Super hard core intelligent IDE series-SQL editor

Super hard core intelligent IDE series-SQL editor

Tofu noodles, let's meet again! Today, our two students from ByteDance, "Chonger" and "Acinium", brought the first article of a series of intelligent IDE articles-SQL editor. Tofu fans, hurry up and enrich your knowledge. !

Authors: Chonger & "Actin" Source: Original

Preface

The IDE itself is an application that integrates many complex functions. When you want to develop an IDE, you at least need to pay attention

  1. Code editor layer (this part is called Editor layer in this article): syntax highlighting, smart prompt & completion, syntax diagnosis, document suspension, formatting...
  2. Working directory (Workspace)
  3. Extension
  4. Run the debug layer (Debug)
  5. Environment configuration (Environment)
  6. Online deployment layer (Publish), if you are making a Cloud IDE, this layer is a necessary ability, how to enable users to realize the "edit-debug-deployment" line on the web side, and ensure the debugging environment The configuration and deployment phases are the same.
  7. Version management (Version)

This article mainly introduces the content of the Editor layer in the tip of the iceberg above. Through this article, I hope to inspire some students who are doing related learning. Each process in this article will not explain the technical implementation principles behind in detail. The principles behind will be carried out in subsequent articles. Introduction. If you happen to be doing a SQL Editor, this article can be used as a good reference.
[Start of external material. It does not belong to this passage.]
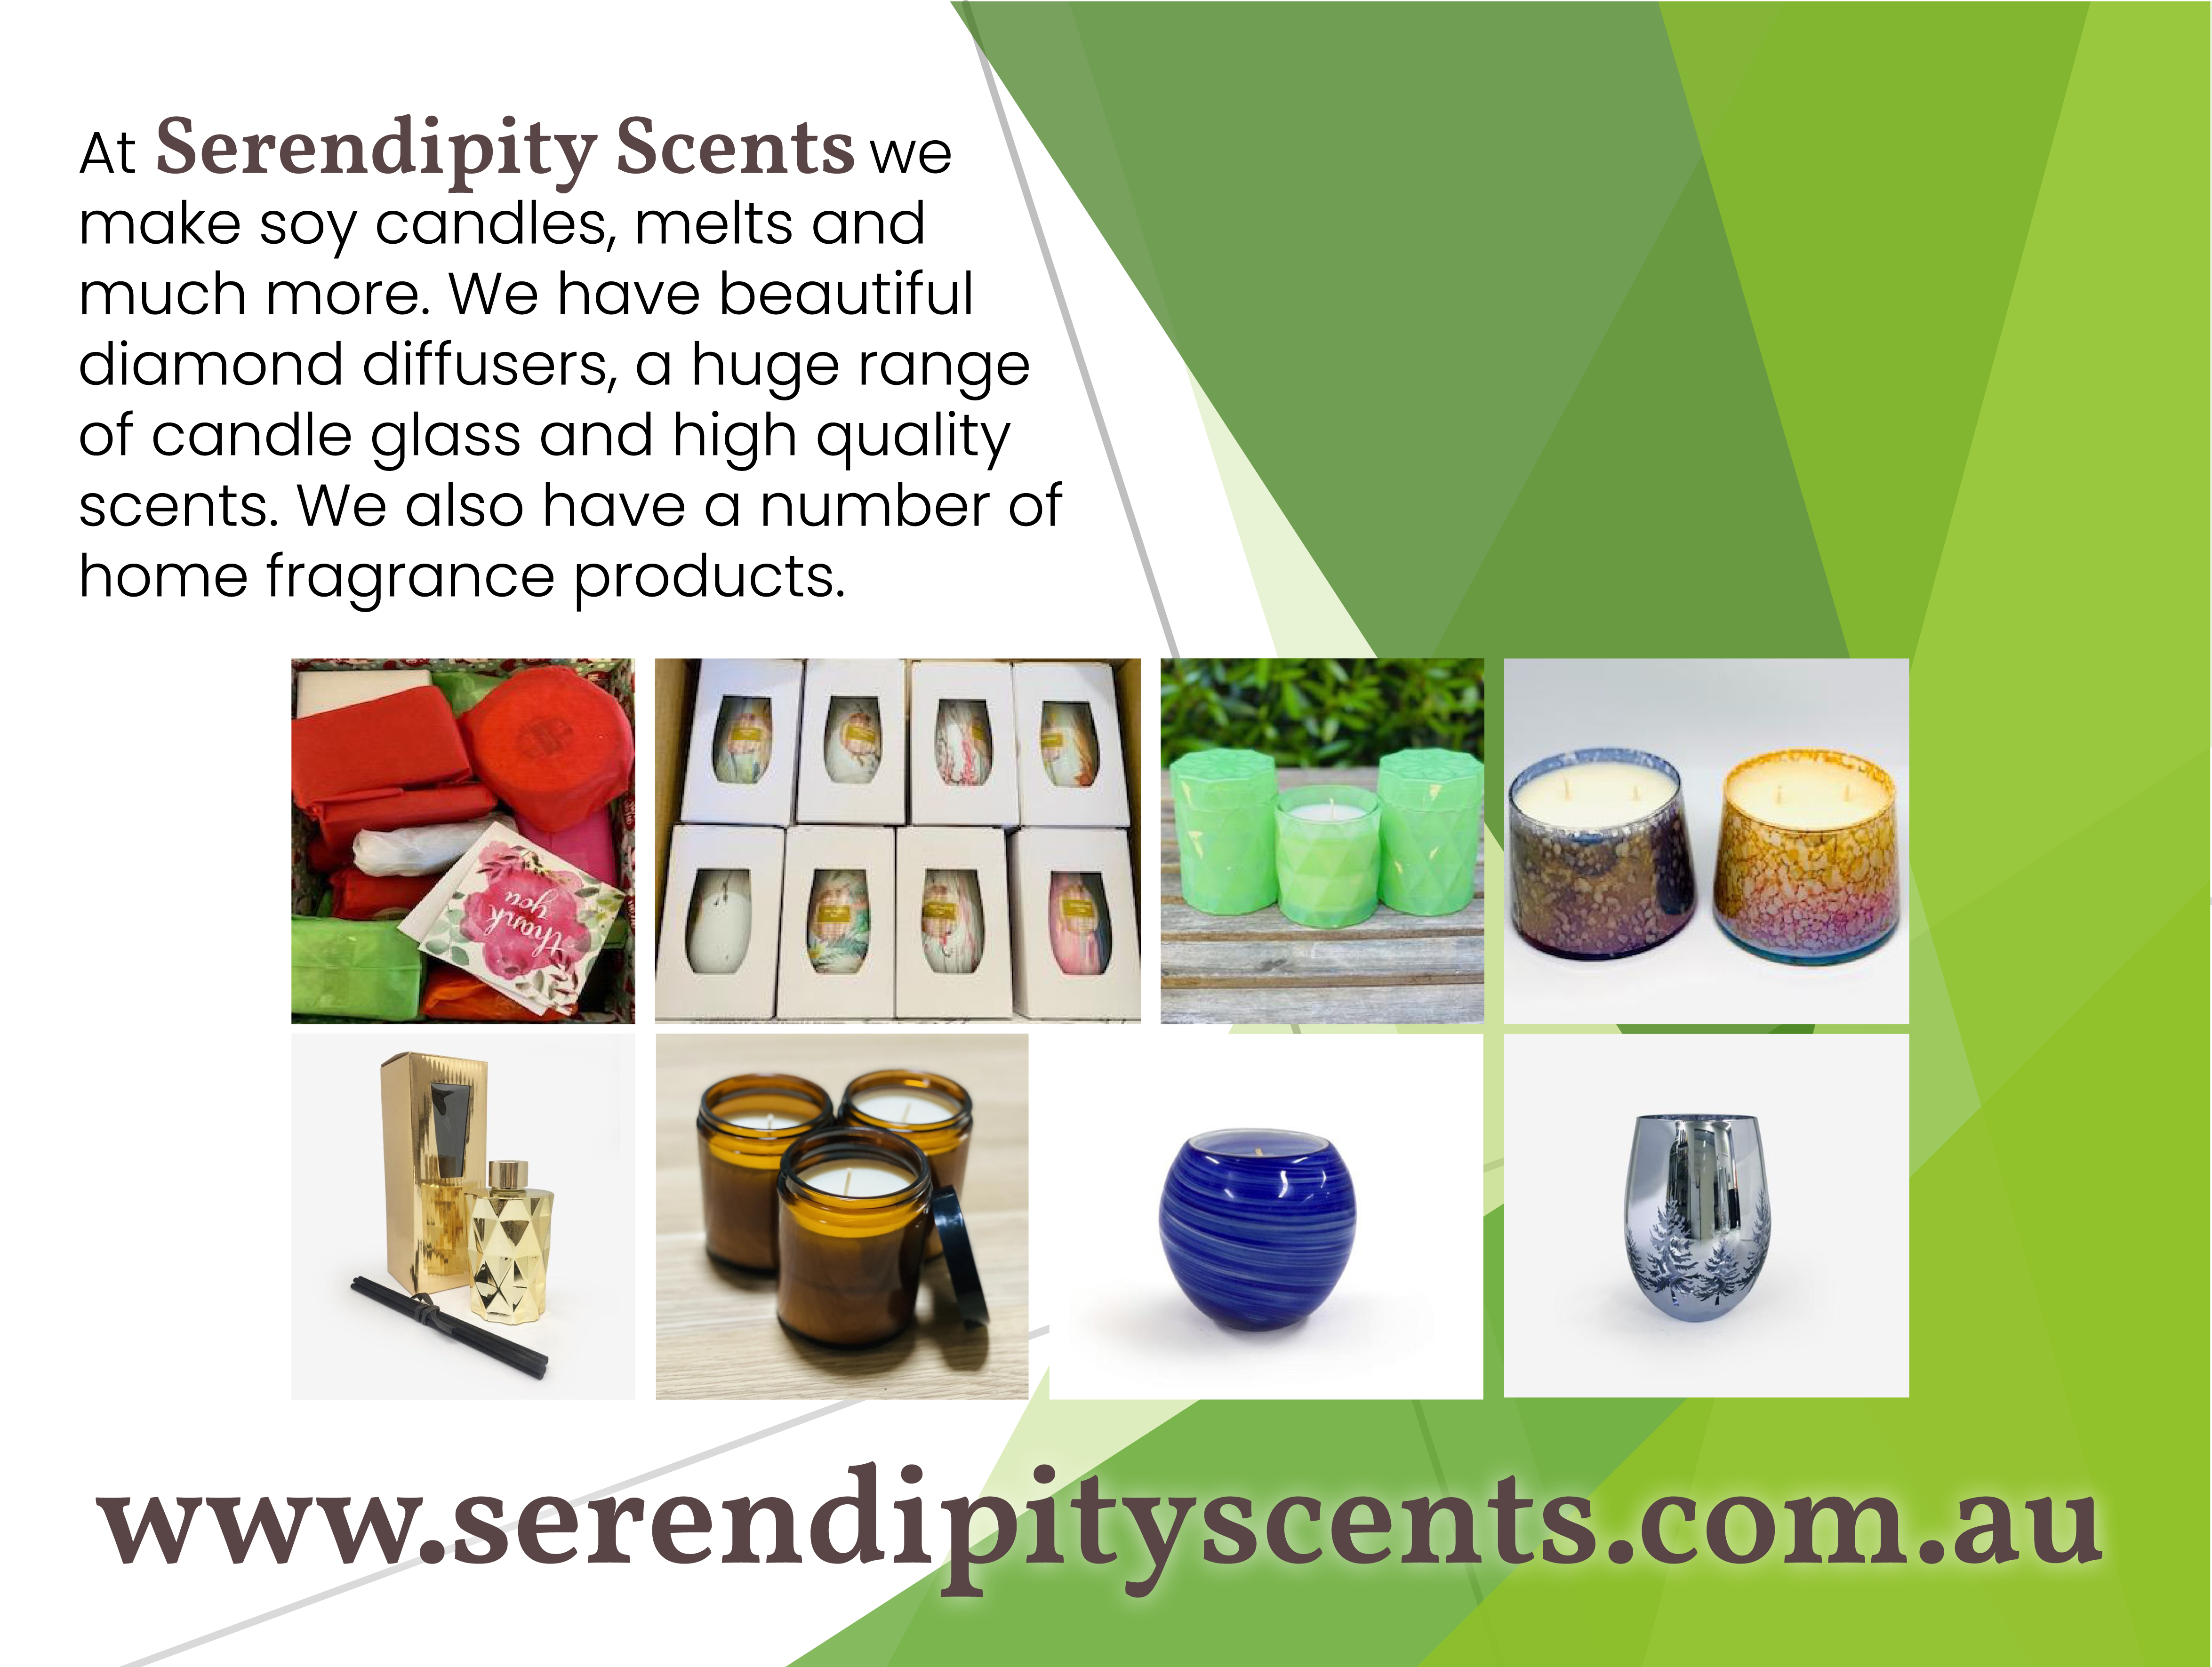 Serendipity Scents

This article is applicable to:

  • You are implementing a unique Editor of your own, and you need to enable the Editor to achieve the capabilities of 1 above. I think this Editor can be an Editor in the traditional sense of input, or it can be an Editor for filling in many form items or drop-down selections, or even Yu can also be a GUI page editor. In fact, we only need to conceptually convert syntax highlighting and smart prompts.
  • You need to provide users with the ability to edit code in your application (not necessarily IDE)
  • You are using a door
    DSL
    (Domain-specific language) language to simplify the development of the language, you need to highlight and prompt the unique syntax
  • Self-developed an IDE or Cloud IDE

table of Contents

  • Starting from the original Web html, interpreting how to highlight and prompt a piece of code
  • How to implement the open source editor
  • The birth of LSP
  • How to connect the open source Editor component with LSP, SQL Editor case
  • SQL Language Server
  • In summary, what needs to be done to realize a smart Editor

Start from scratch

Aside from the existing Editor components, use native html to achieve highlighting.
For example, take an example of Monaco to see how
it is implemented natively. This is a section of log content. Highlighting rules are date: green, notice: yellow, error: red, info : Gray

The key step of syntax highlighting is lexical analysis. The purpose of word segmentation is to divide the user input string into individual words (token). Token is a string of characters that cannot be further divided. The analysis process needs to scan the source code and the scanning method. There are direct scanning and regular expression scanning [1];
the function used for analysis is called
the case of the lexical analyzer . The simple and rude implementation of the regular expression is as follows, which does not have any reference significance. If you want to implement complex word segmentation, you should look for Tools like flex or ANTLR :

<!DOCTYPE html > < html lang = "en" > < head > < meta charset = "UTF-8" > < meta name = "viewport" content = "width=device-width, initial-scale=1.0" > < title > Highlight </title > < style > .custom- info { color : #808080 } .custom-error { color : #ff0000 ; font-style : bold;} .custom-notice { color :#FFA500 ;} .custom-date { color : #008800 ;} </style > </head > < body > < div id = "log-editor" > </div > < script > const tokenizer = { root : [ [ /\[error.*/ , "custom-error" ], [ /\[notice.*/ , "custom-notice" ], [ /\[info.*/ , "custom-info" ], [ /\[[a-zA-Z 0-9:]+\]/ , "custom-date" ], ] } const highlight = ( str ) => { return tokenizer.root.reduce( ( pre, current ) => { return pre.replace(current[ 0 ], ( m ) => { return `<span class=" ${current [ 1 ]} "> ${m} </span>` }); }, str); }; const log = ` [Sun Mar 7 16:02:00 2004] [notice] Apache/1.3.29 (Unix) configured - resuming normal operations [Sun Mar 7 16:02:00 2004] [info] Server built: Feb 27 2004 13:56:37 [Sun Mar 7 16:02:00 2004] [notice] Accept mutex: sysvsem (Default: sysvsem) [Sun Mar 7 16:05:49 2004] [info] [client xx.xx.xx.xx] (104)Connection reset by peer: client stopped connection before send body completed [Sun Mar 7 21:16:17 2004] [error] [client xx.xx.xx.xx] File does not exist:/home/httpd/twiki/view/Main/WebHome [Sun Mar 7 21:20:14 2004] [info] [client xx.xx.xx.xx] (104)Connection reset by peer: client stopped connection before send body completed ` const innerHtml = log.split( '\n' ).reduce( ( pre, current ) => { return pre + `<div class="line"> ${highlight(current)} </div>` ; }, '' ) window .addEventListener( 'DOMContentLoaded' , () => { const wrapper = document .querySelector( '#log-editor' ) wrapper.innerHTML = innerHtml; }) </script > </body > </html > Copy code

Rudely use a textarea pseudo-code to implement simple smart prompts.
For example, let s start with an example from Monaco.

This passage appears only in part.